As budget talks ramped up, so did the resistance.
Farm lobbyists mobilized. Agriculture ministers revolted. The Commission’s own agriculture chief, Christophe Hansen, began pushing back internally. Germany’s governing Christian Democrats wrote to Commission President Ursula von der Leyen, who hails from the party, urging their “Dear Ursula” not to fold the farm budget into broader spending plans.
“Cuts to the Common Agricultural Policy would send out completely the wrong signal,” Johannes Steiniger, one of the authors of the letter, told POLITICO. “The CAP must continue to have an independent and reliable budget.”
The goal had been to fundamentally reshape how the farm budget worked. But in the end, the next CAP will look much like the current one, with its basic structure left intact.
By June, the Commission had quietly shelved the restructuring plan. Jan Olbrycht, a special adviser to Budget Commissioner Piotr Serafin, said the CAP would remain as a separate pillar in the EU’s 2028-2034 budget. Rural development funding would stay within the CAP’s two-pillar structure.
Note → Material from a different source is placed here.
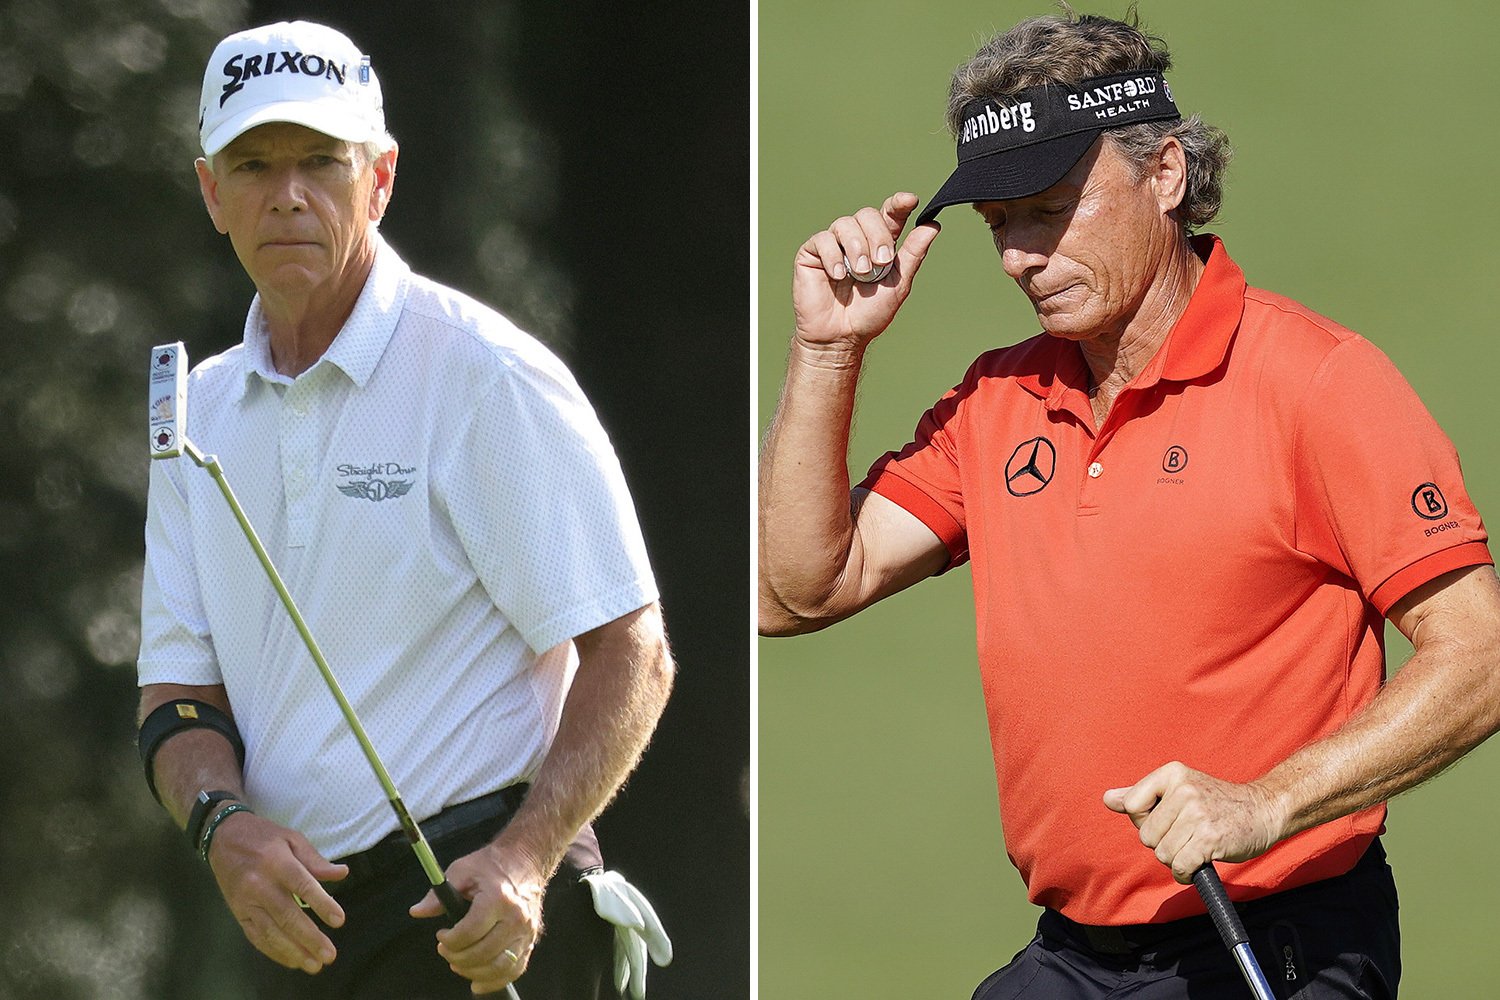 Langer & Mize roll back years to make golf history by going low at Masters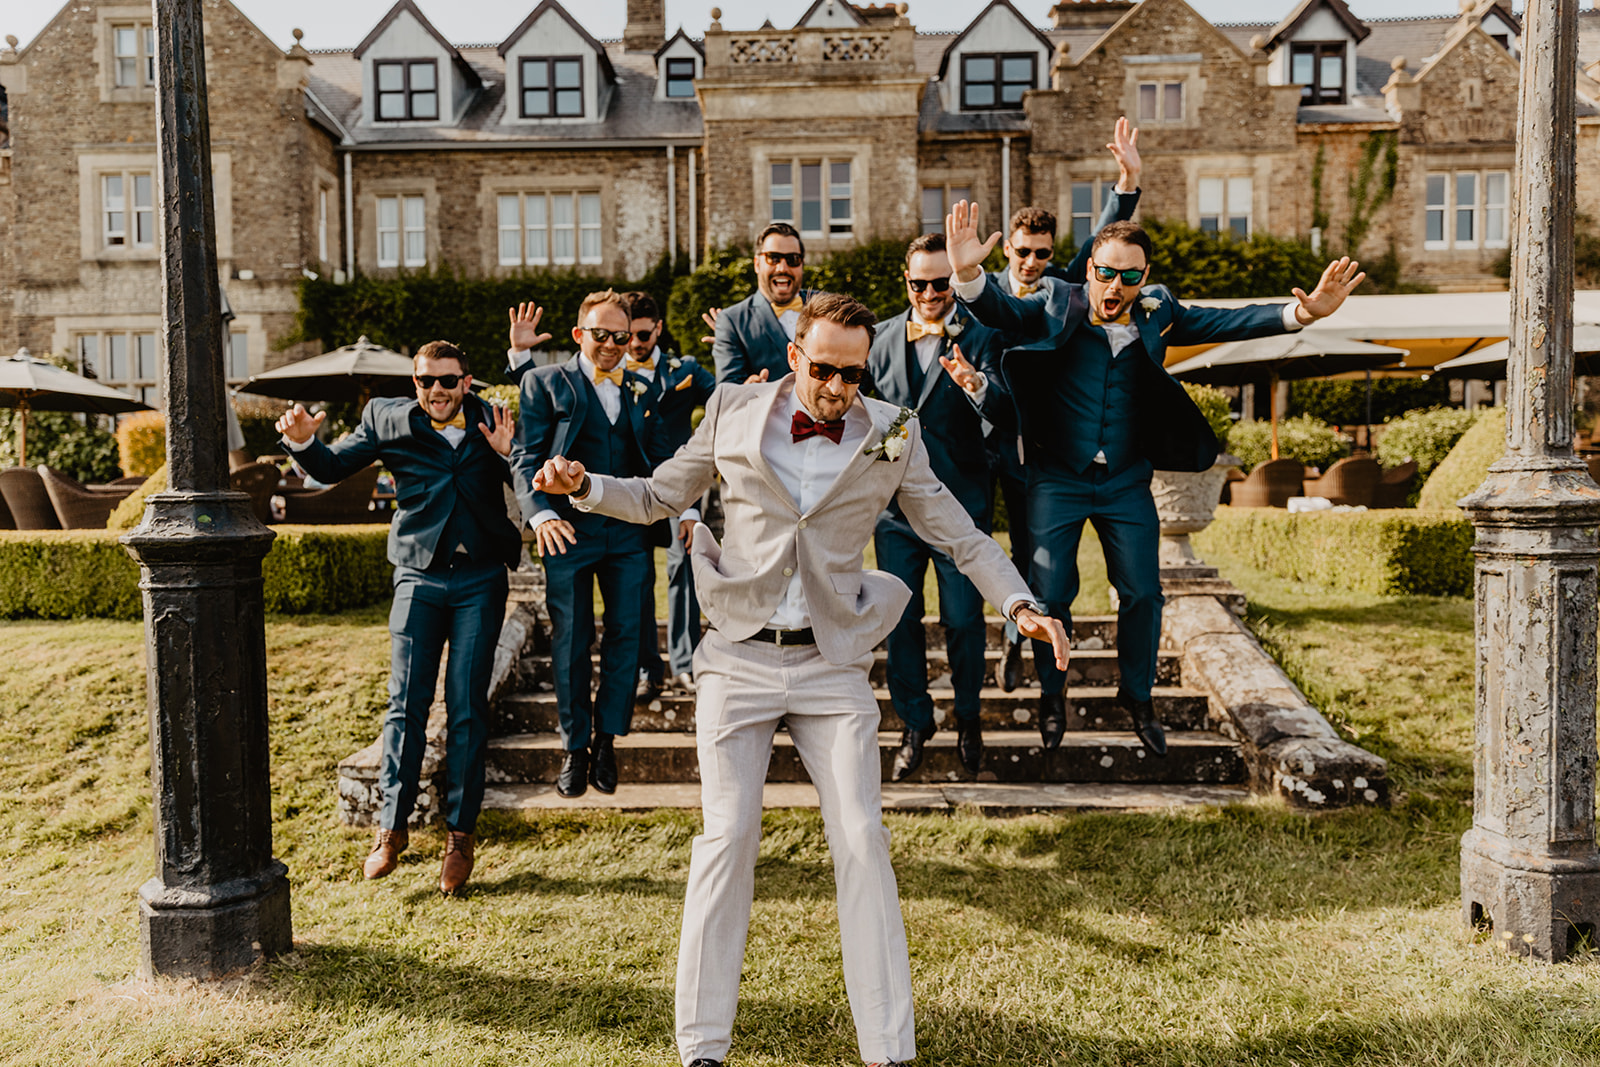 Groom jumps in front of bridal party at a South Lodge, Sussex Wedding. By Olive Joy Photography

Earlier ideas to shift that money to the cohesion rubric were, Olbrycht said, “over, finished.”
That marked a major retreat before the official unveiling of the Commission’s budget proposal on July 16. And it has underscored the raw political power the farm lobby can still exert in Brussels, even as the number of farmers declines and the EU faces growing calls to redirect money toward strategic challenges.